Activity
Give the data again exactly, without images.

-------- Provided data

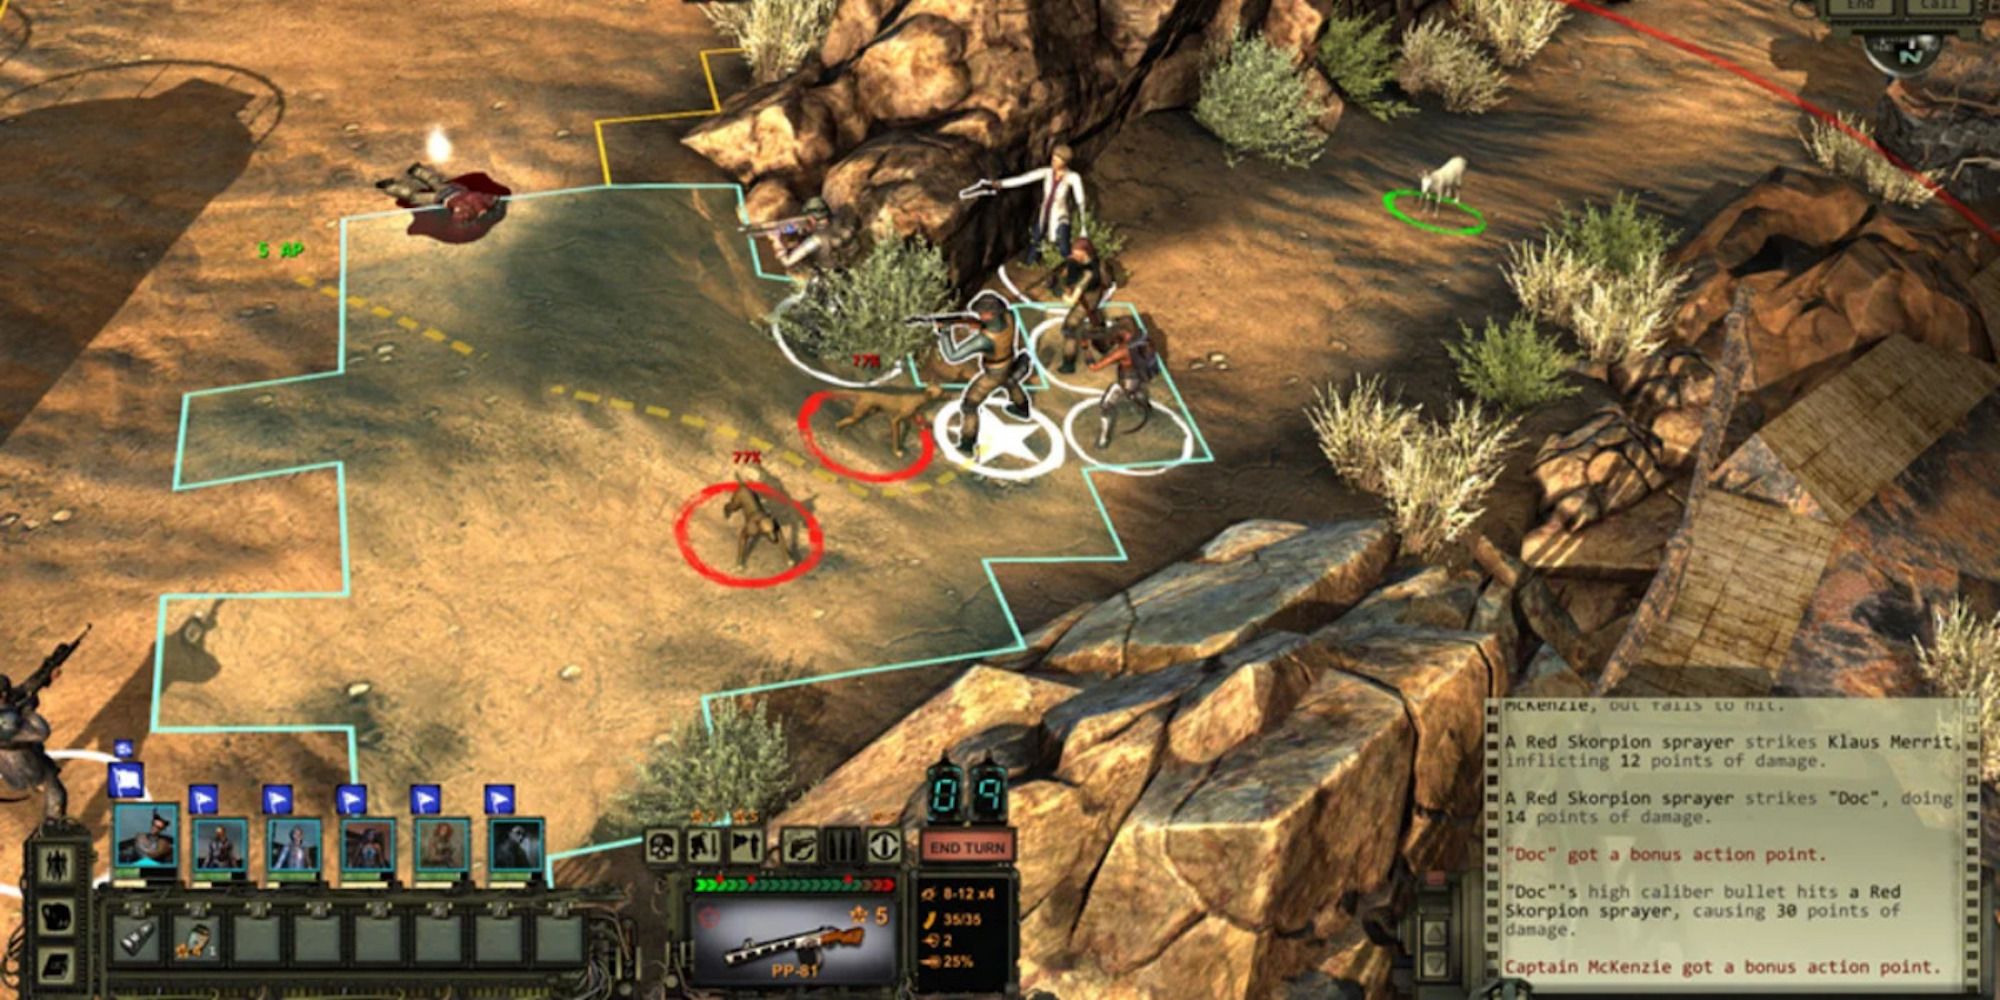 Fighting a battle in Wasteland 2
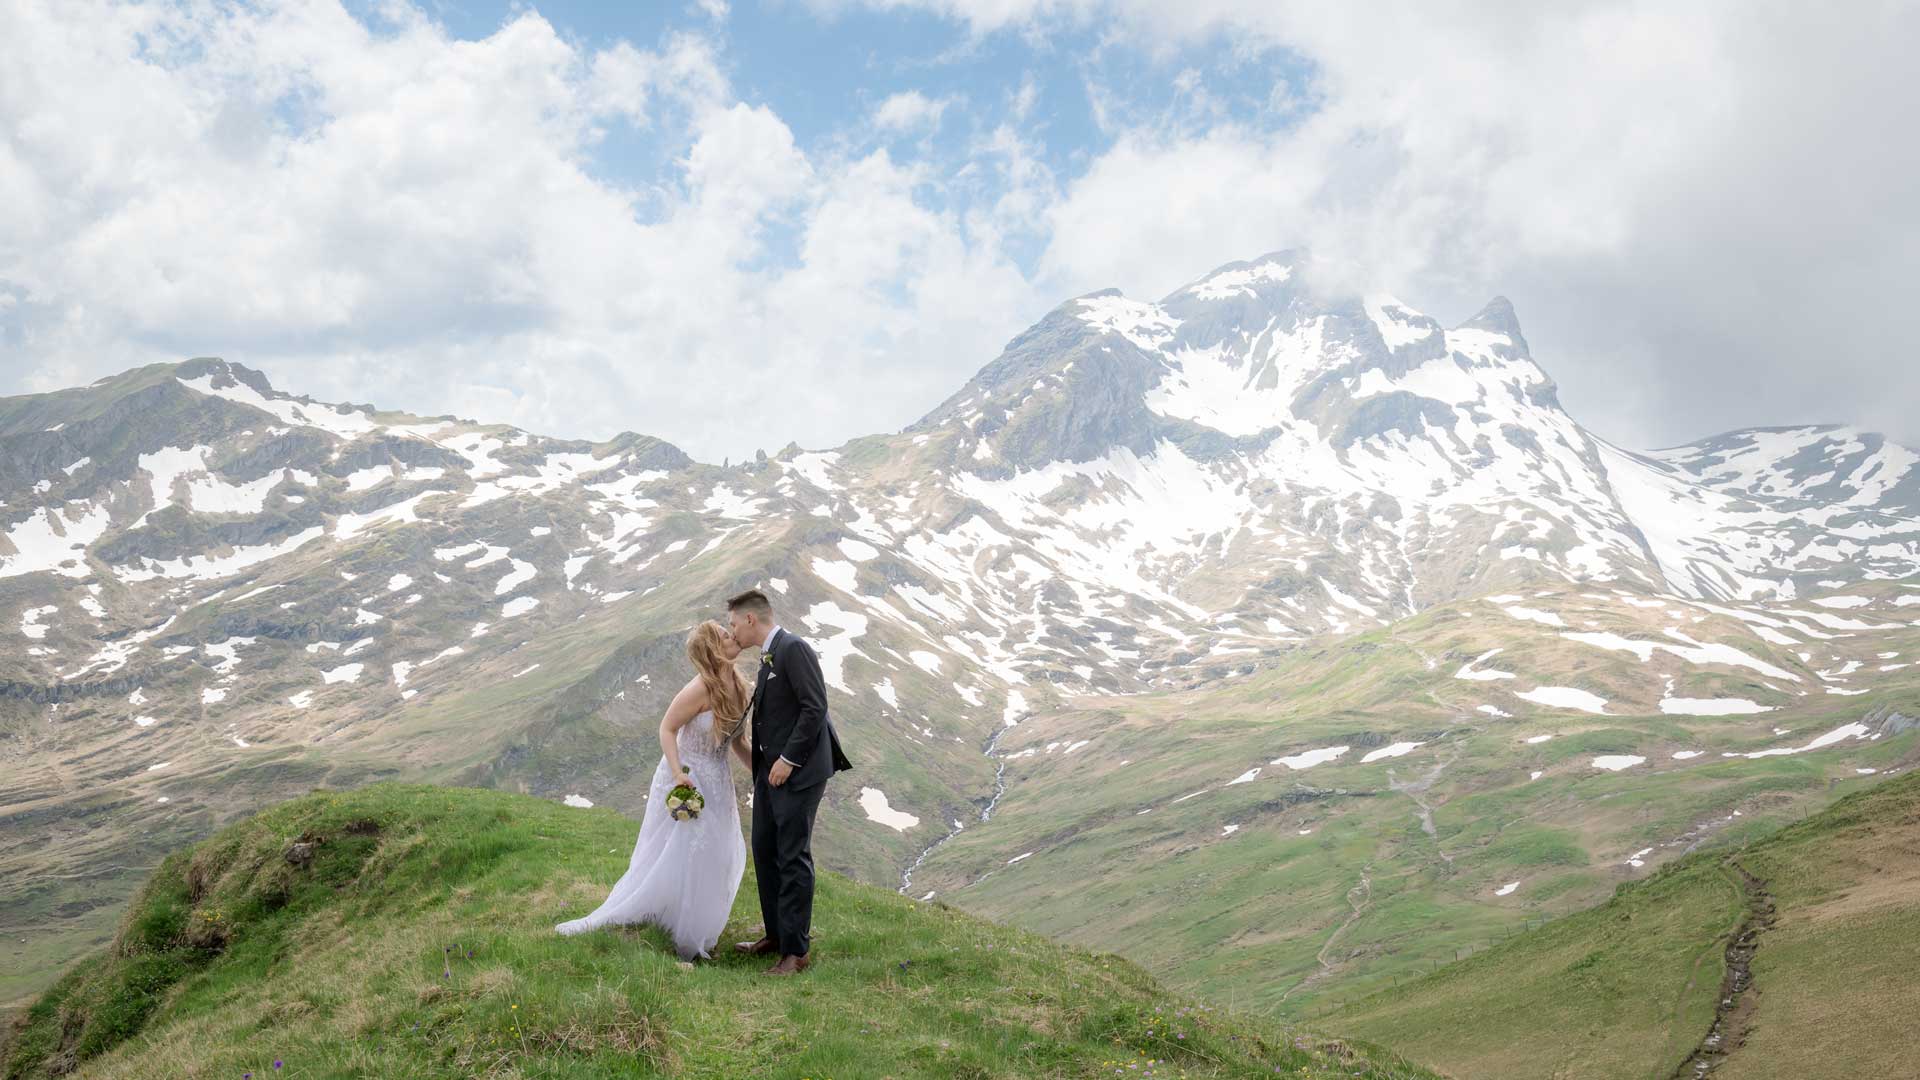 After Wedding Photo Shoot on Grindelwald First
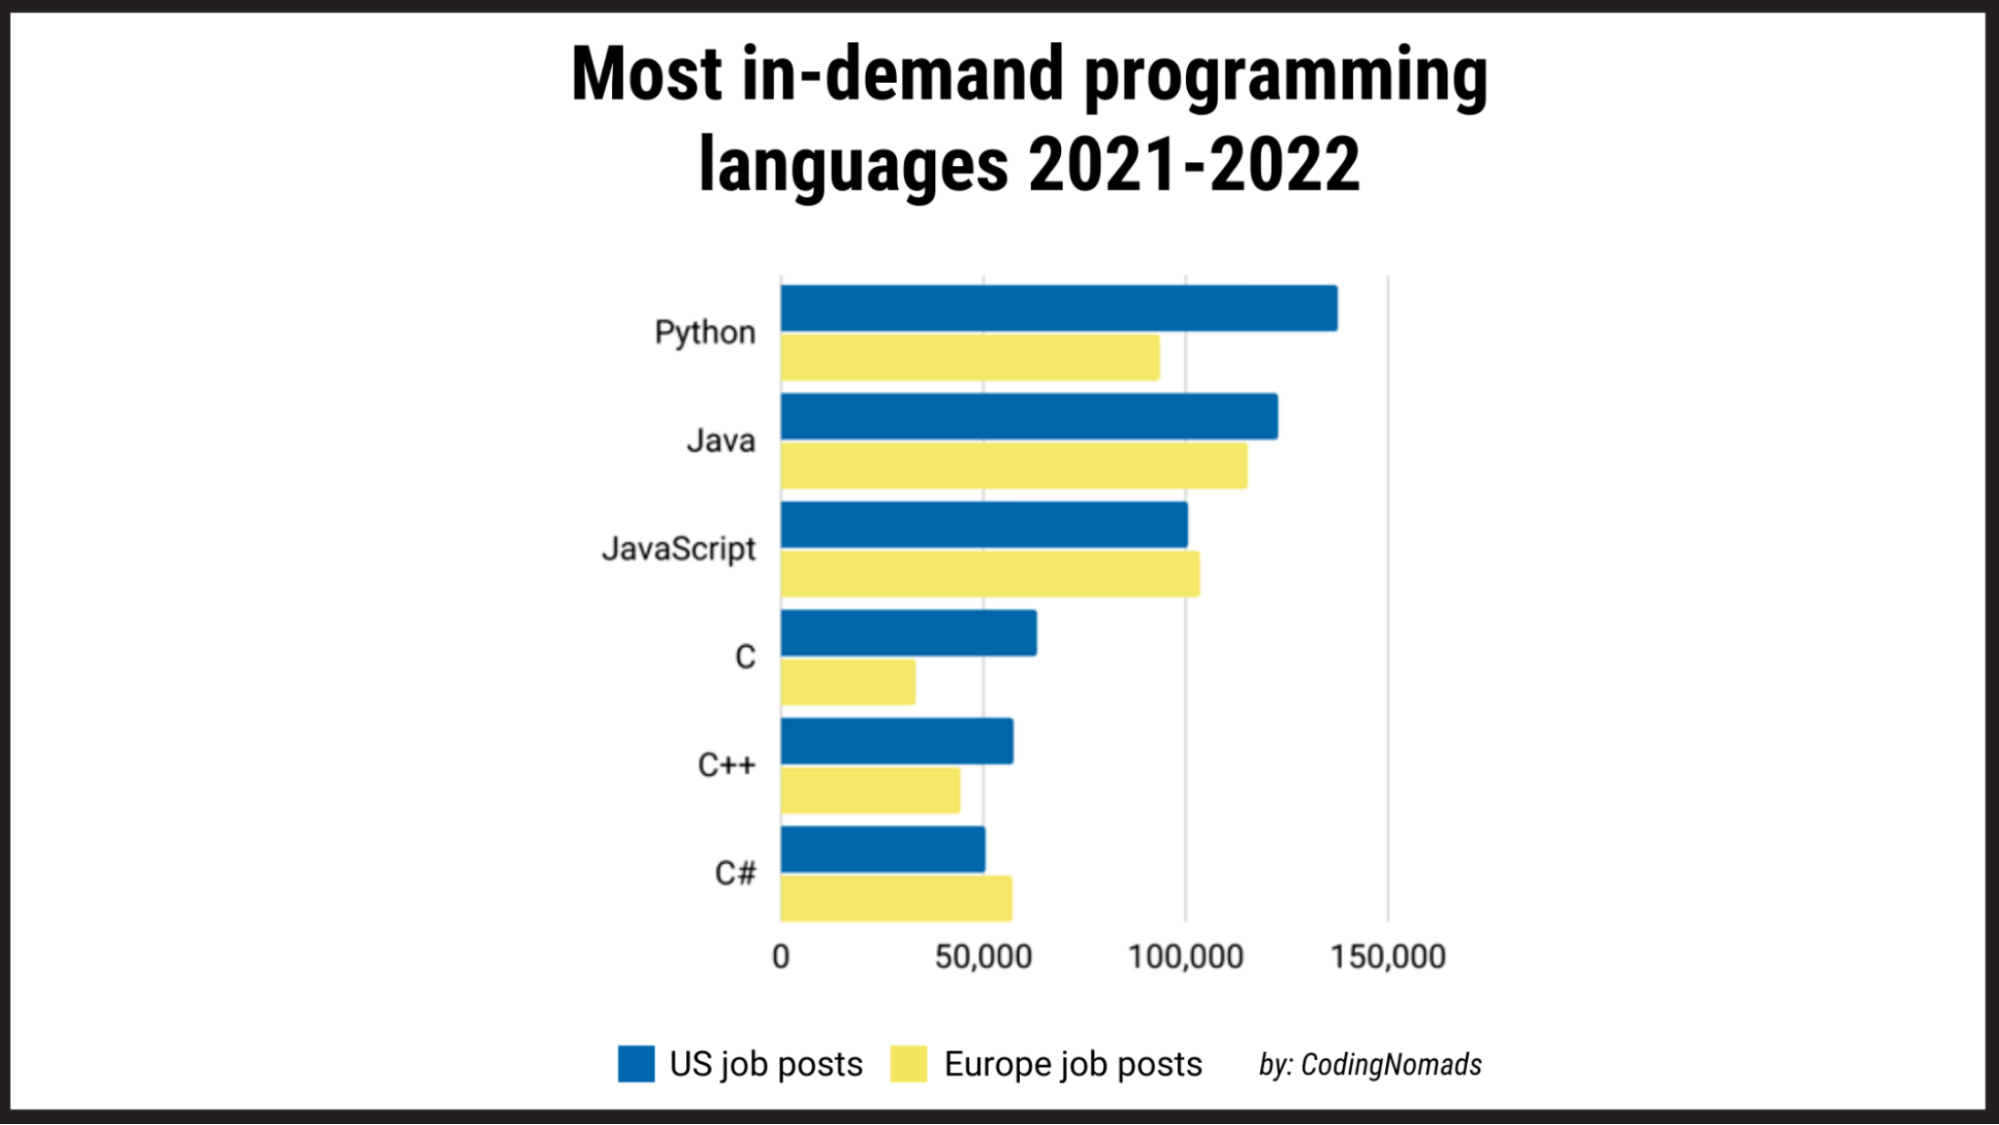 Are Python Developers in Demand

----------------

Response area
 Fighting a battle in Wasteland 2
 After Wedding Photo Shoot on Grindelwald First
 Are Python Developers in Demand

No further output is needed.